Are there other natural examples to test with?

Answer 1

This is not possible.

Let $f$ be as in your assumptions, and let $0 = t_0, < t_1 < \dots < t_N = 1$ be given. Then for all $i\in \{1, \dots, N\}$, $f(t_{i} - f(t_{i-1}) = \int_{t_{i-1}}^{t_i} f'(s) ds$. It follows that $$ \sum_{i = 1}^N |f(t_i) - f(t_{i-1})| = \sum_{i = 1}^N |\int_{t_{i-1}}^{t_i} f'(s) ds| \le \sum_{i = 1}^N \int_{t_{i-1}}^{t_i} |f'(s)| ds = \int_0^1 |f'(s)| ds $$ and therefore the function has bounded variation.

Answer 2

I just came out with a counterexample.

One produces a function similar to $x\sin(1/x)$ (which is not in $BV$), but with the oscillating blocks made of Cantor staircases (hence continuous and with $f'(x)=0$ ae).

Here are the details:

Call $h(x)$ the usual Cantor staircase, ie $h:[0,1]\to[0,1]$, continuous, increasing, onto and with $h'(x)=0$ at almost every $x\in(0,1)$.
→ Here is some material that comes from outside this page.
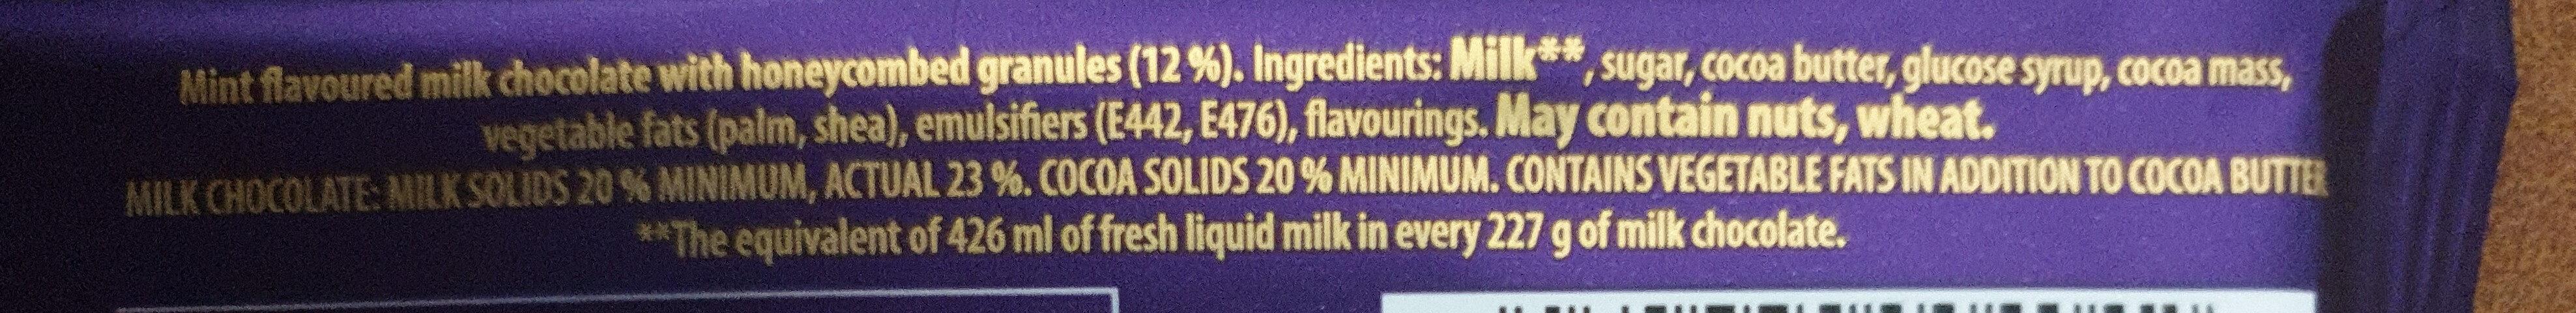 Cadbury dairy milk chocolate bar mint - Ingrédients - en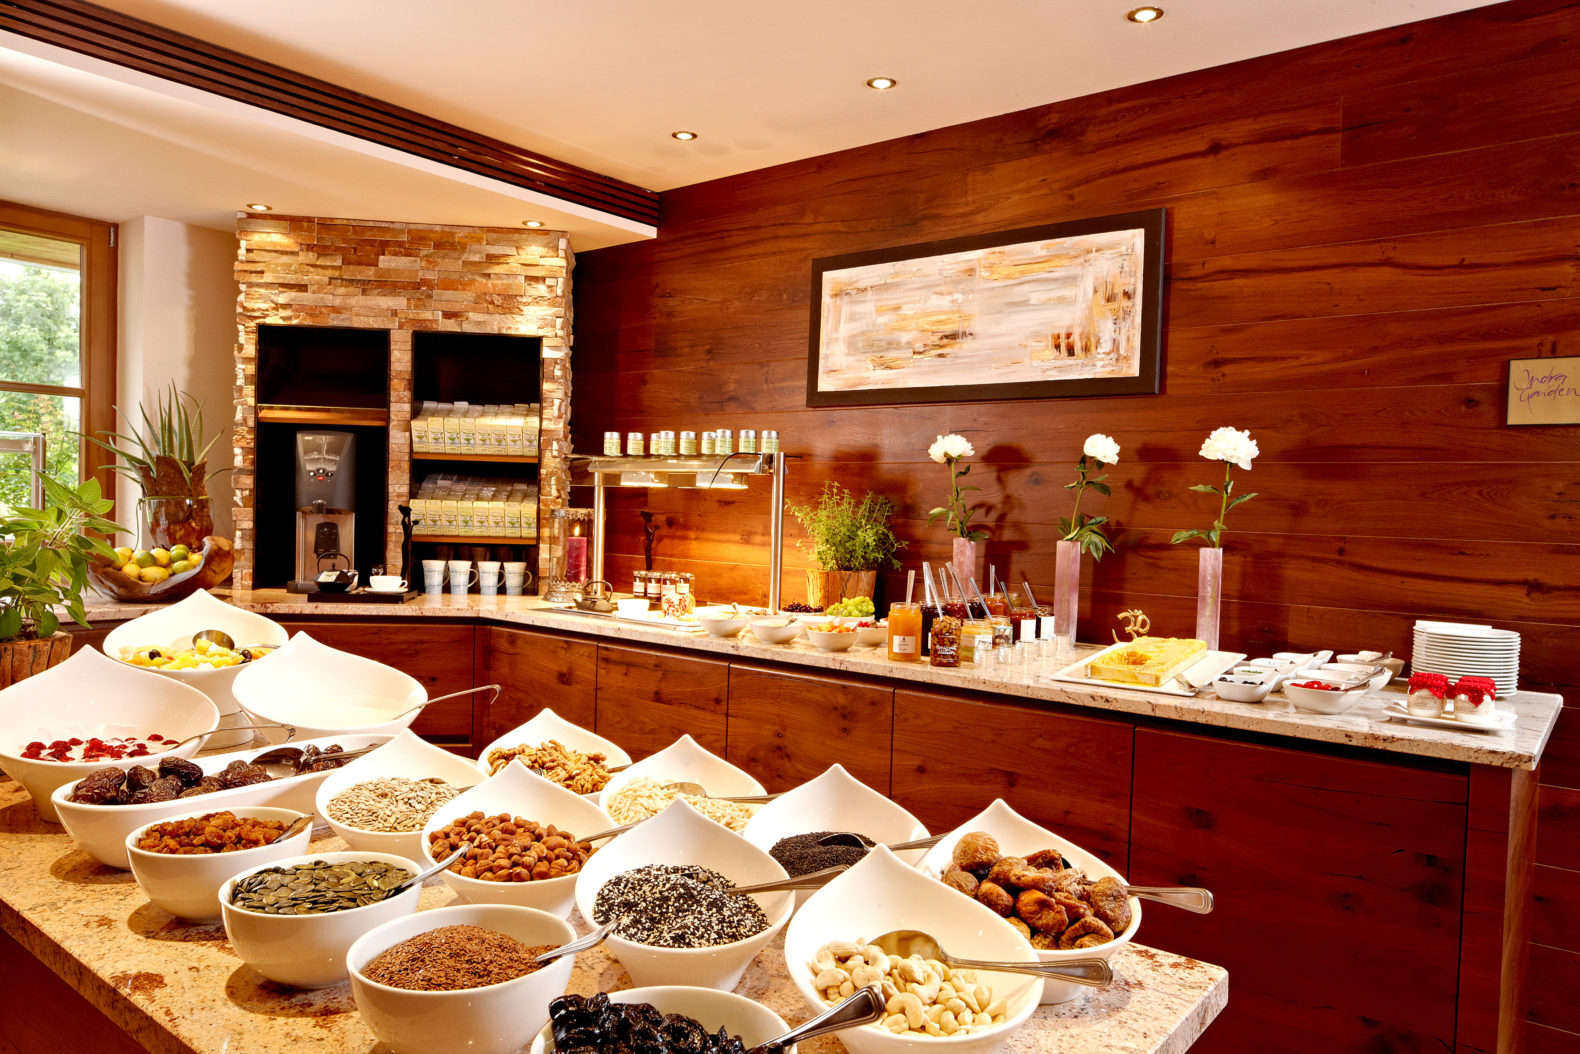 anapurna-buffet-healthy-cuisine-ayurveda-resort-sonnhof-austria

Next, dilate this function to $h_n:[\frac1{n+1},\frac1n]\to [0,\frac1n]$ by $$ h_n(x)= \frac1n h\Big(\frac{x-\frac1{n+1}}{\frac1n-\frac1{n+1}}\Big),\quad \mbox{if $n$ odd}$$ or $$ h_n(x)= \frac1n h\Big(1-\frac{x-\frac1{n+1}}{\frac1n-\frac1{n+1}}\Big),\quad \mbox{if $n$ even.}$$ Finally, define $f(x)=h_n(x)$ if $x\in [\frac1{n+1},\frac1n]$ and $f(0)=0$.

It is straightforward to verify that $f\in C[0,1]$ and $f'(x)=0$ a.e. $x\in(0,1)$. Finally, $f\not\in BV[0,1]$ since $$\sum_{n=1}^{2N}\big|f(\frac1n)-f(\frac1{n+1})\big|=\sum_{n=1}^N\frac1{2n+1}\to\infty,\quad \mbox{as }N\to\infty.$$